**TASK DIRECTIONS**: The answer is the first line of the listing and every line after it through the one containing "Men Wool Herringbone", exact, with pictures removed.

*** Opening PROVIDED MATERIAL ***

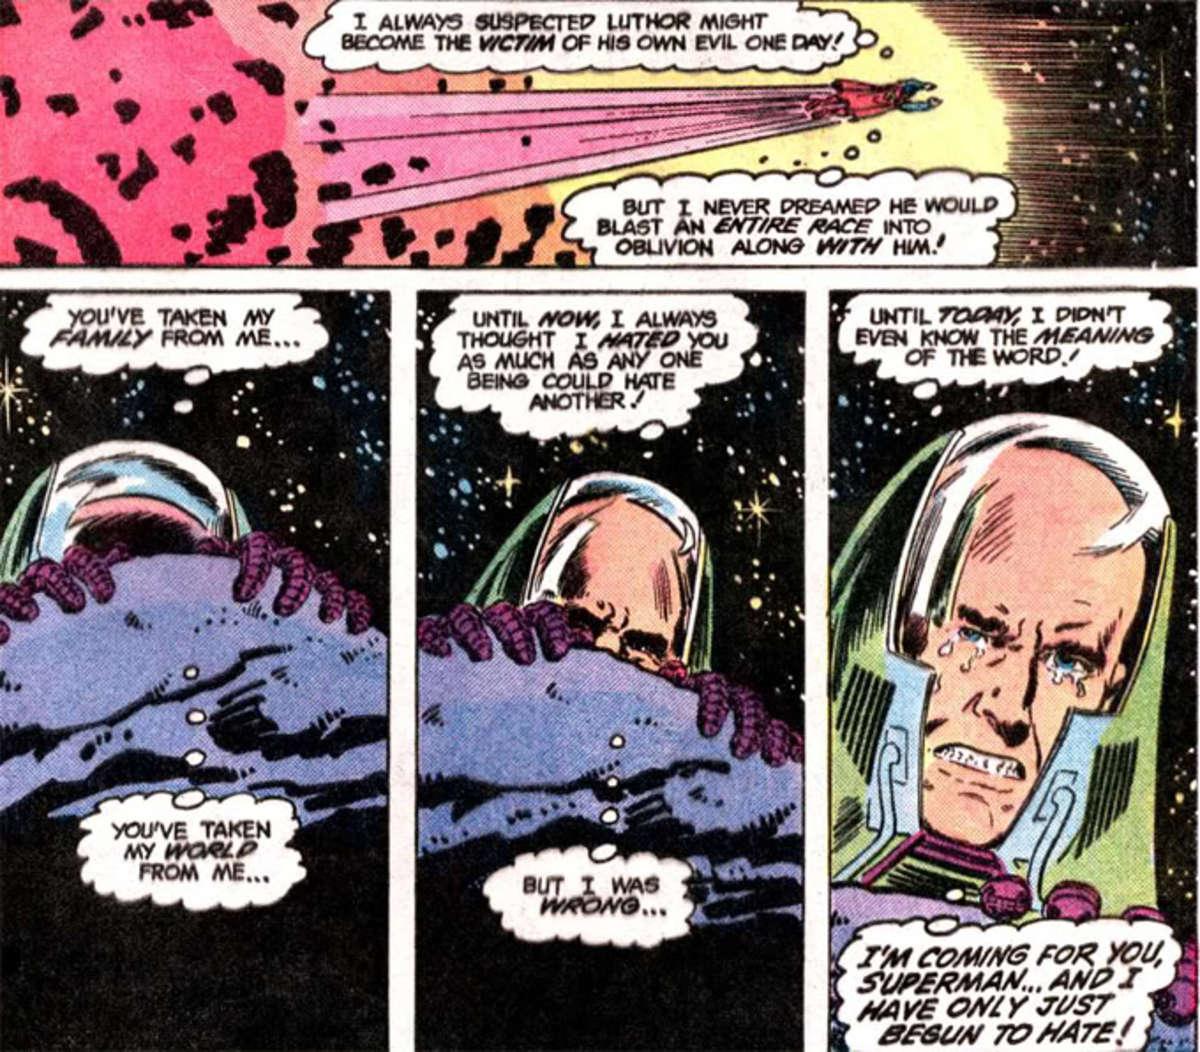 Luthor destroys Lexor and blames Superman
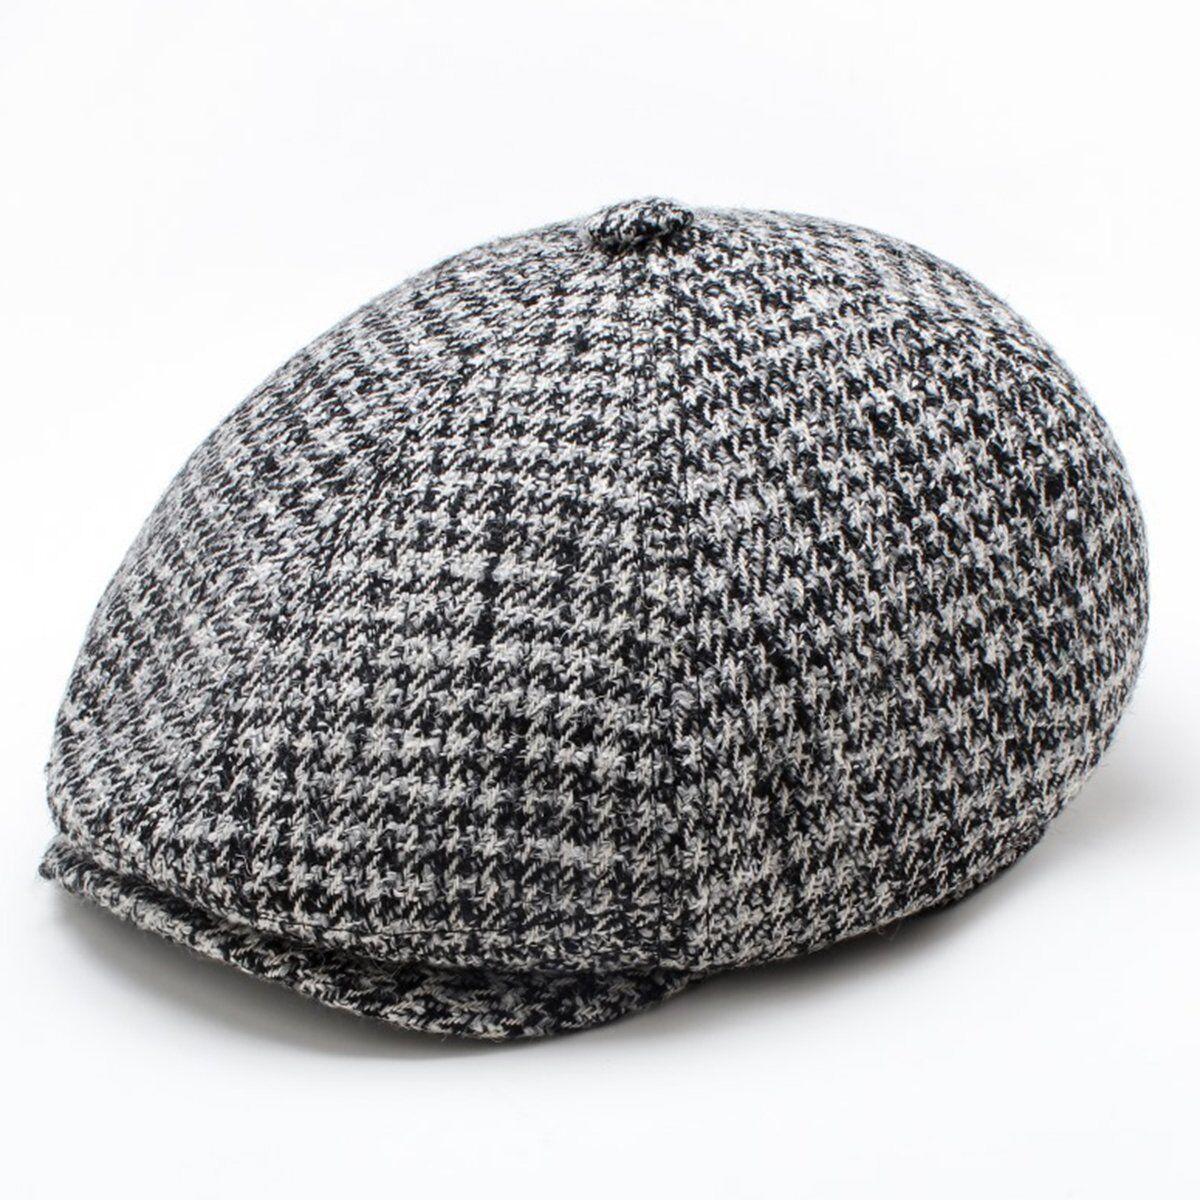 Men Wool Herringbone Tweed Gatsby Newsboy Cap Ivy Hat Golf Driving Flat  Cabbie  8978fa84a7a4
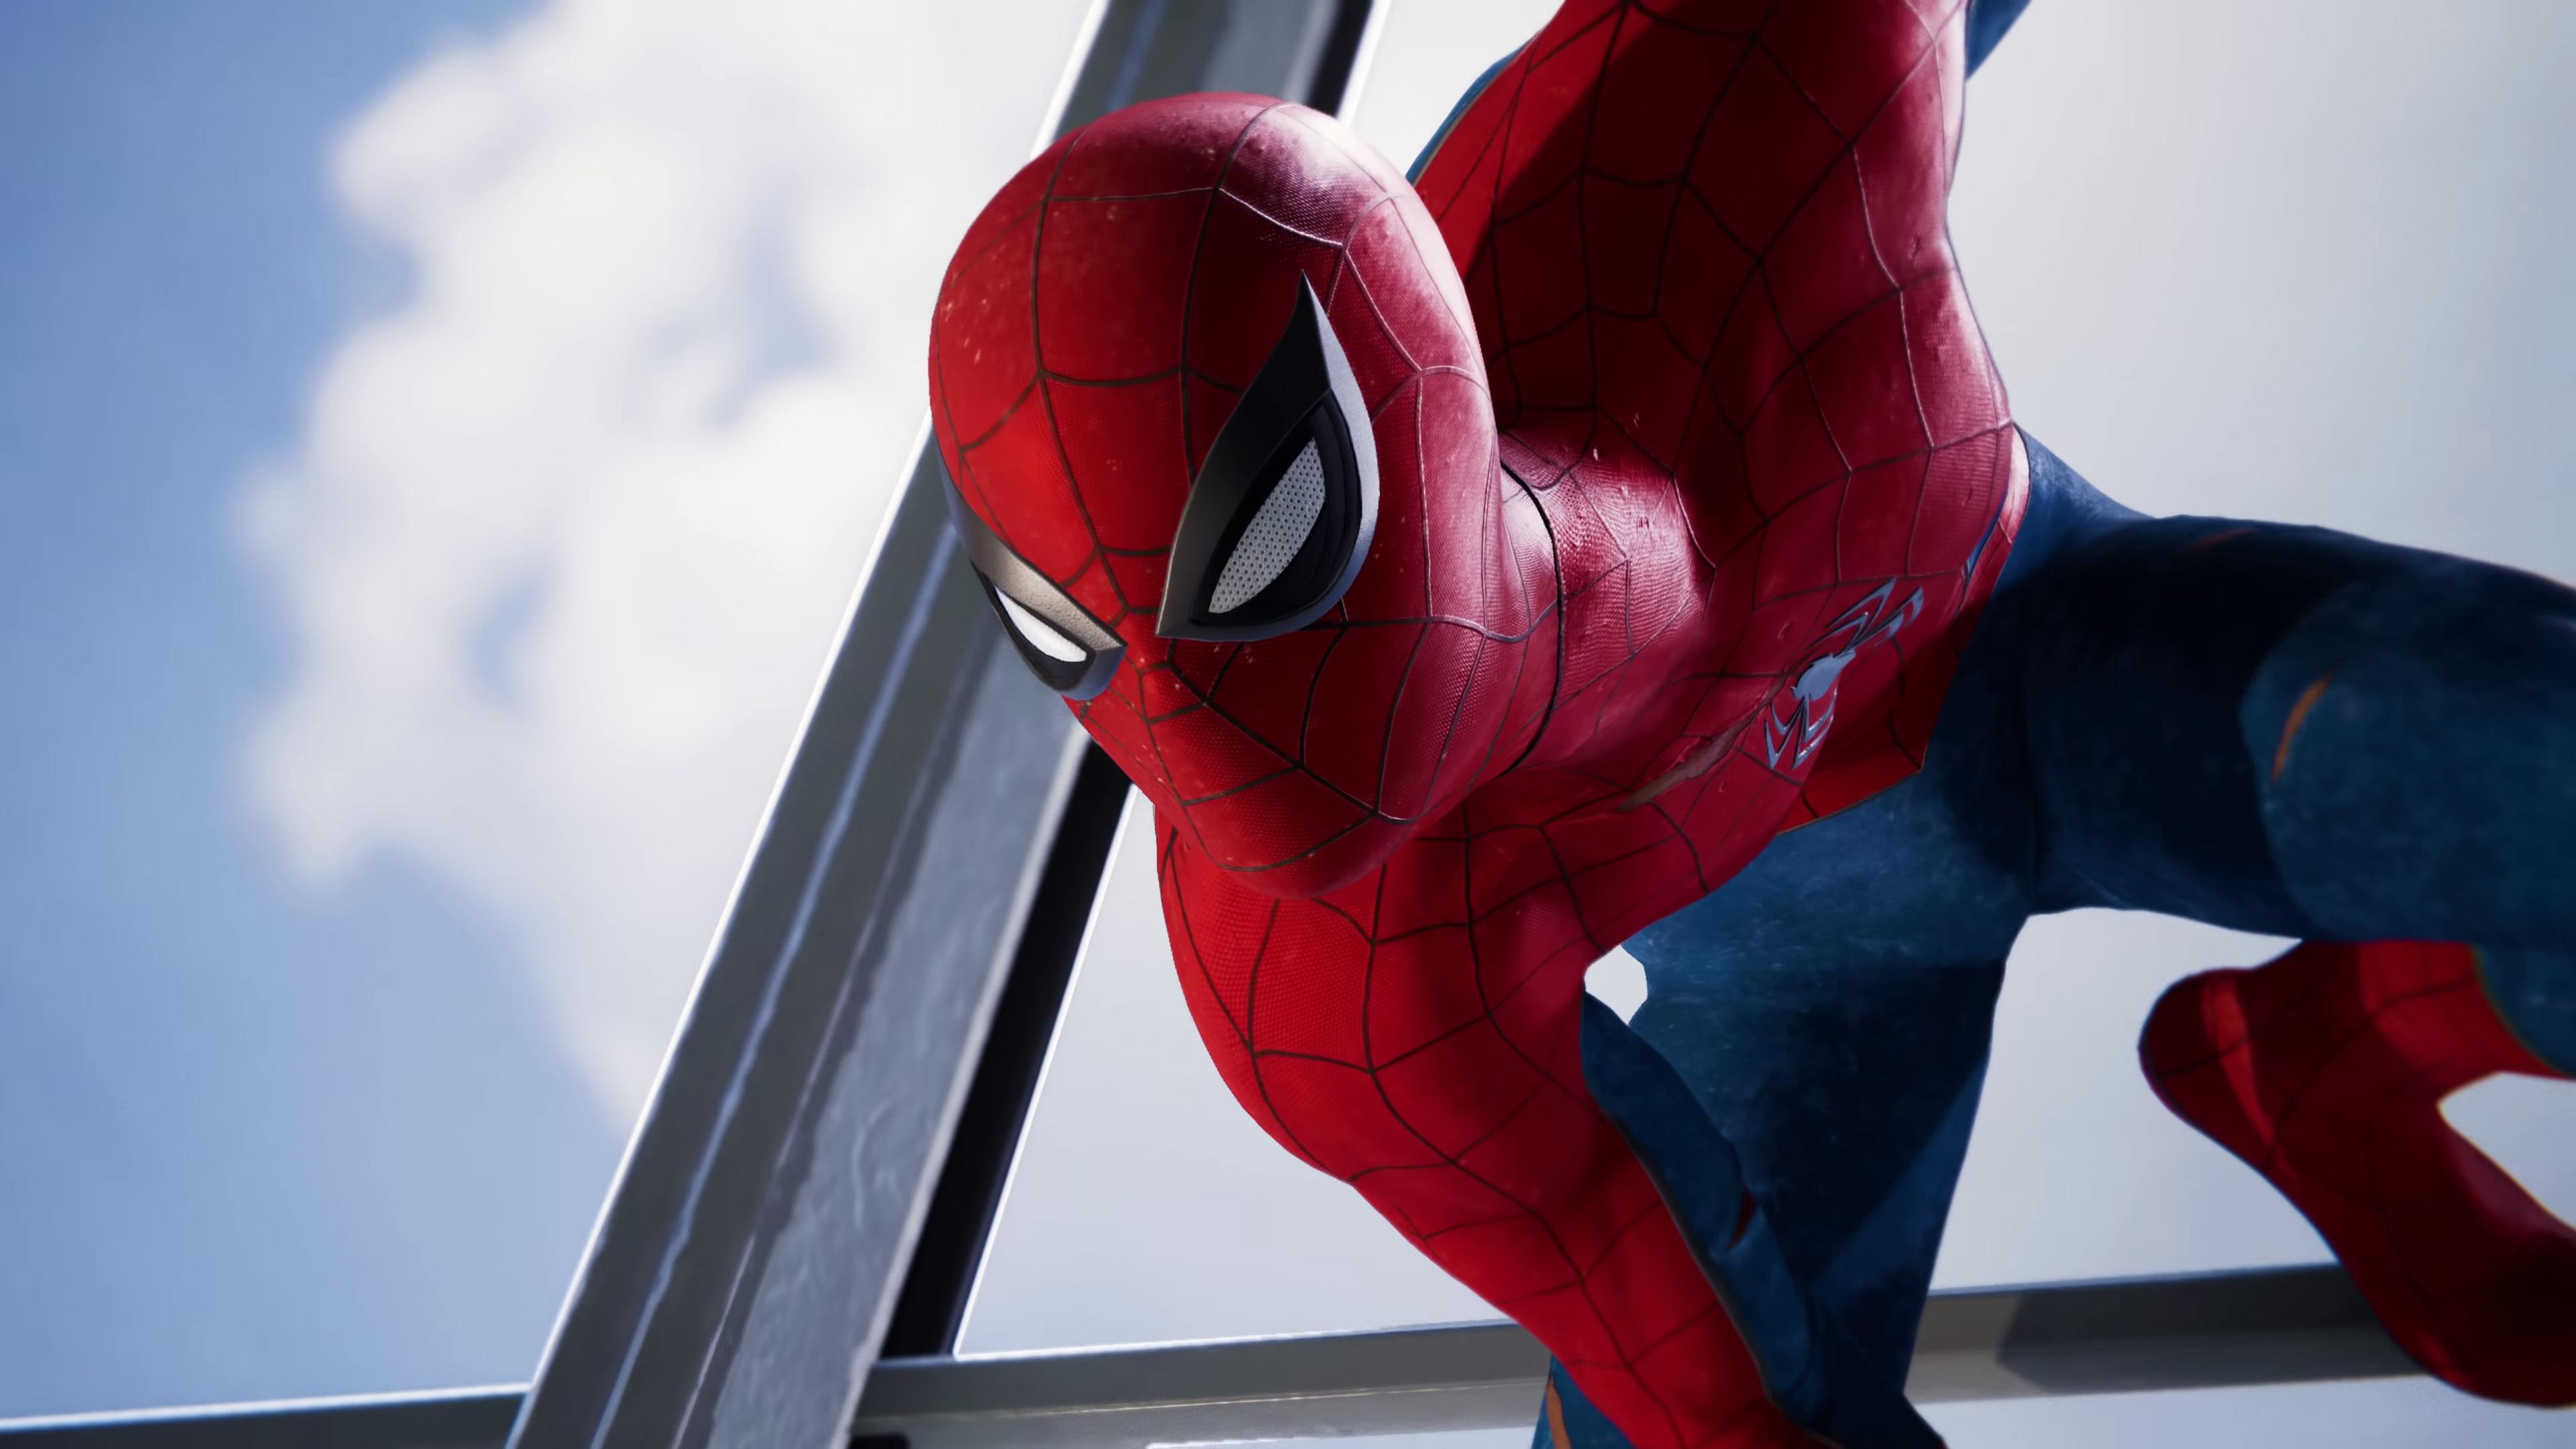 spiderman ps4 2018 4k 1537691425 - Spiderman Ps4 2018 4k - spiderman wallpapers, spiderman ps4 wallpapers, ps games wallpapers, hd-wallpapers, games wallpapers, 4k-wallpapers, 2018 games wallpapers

*** Closing PROVIDED MATERIAL ***

**WRITTEN RESPONSE**:
 Luthor destroys Lexor and blames Superman
 Men Wool Herringbone Tweed Gatsby Newsboy Cap Ivy Hat Golf Driving Flat  Cabbie  8978fa84a7a4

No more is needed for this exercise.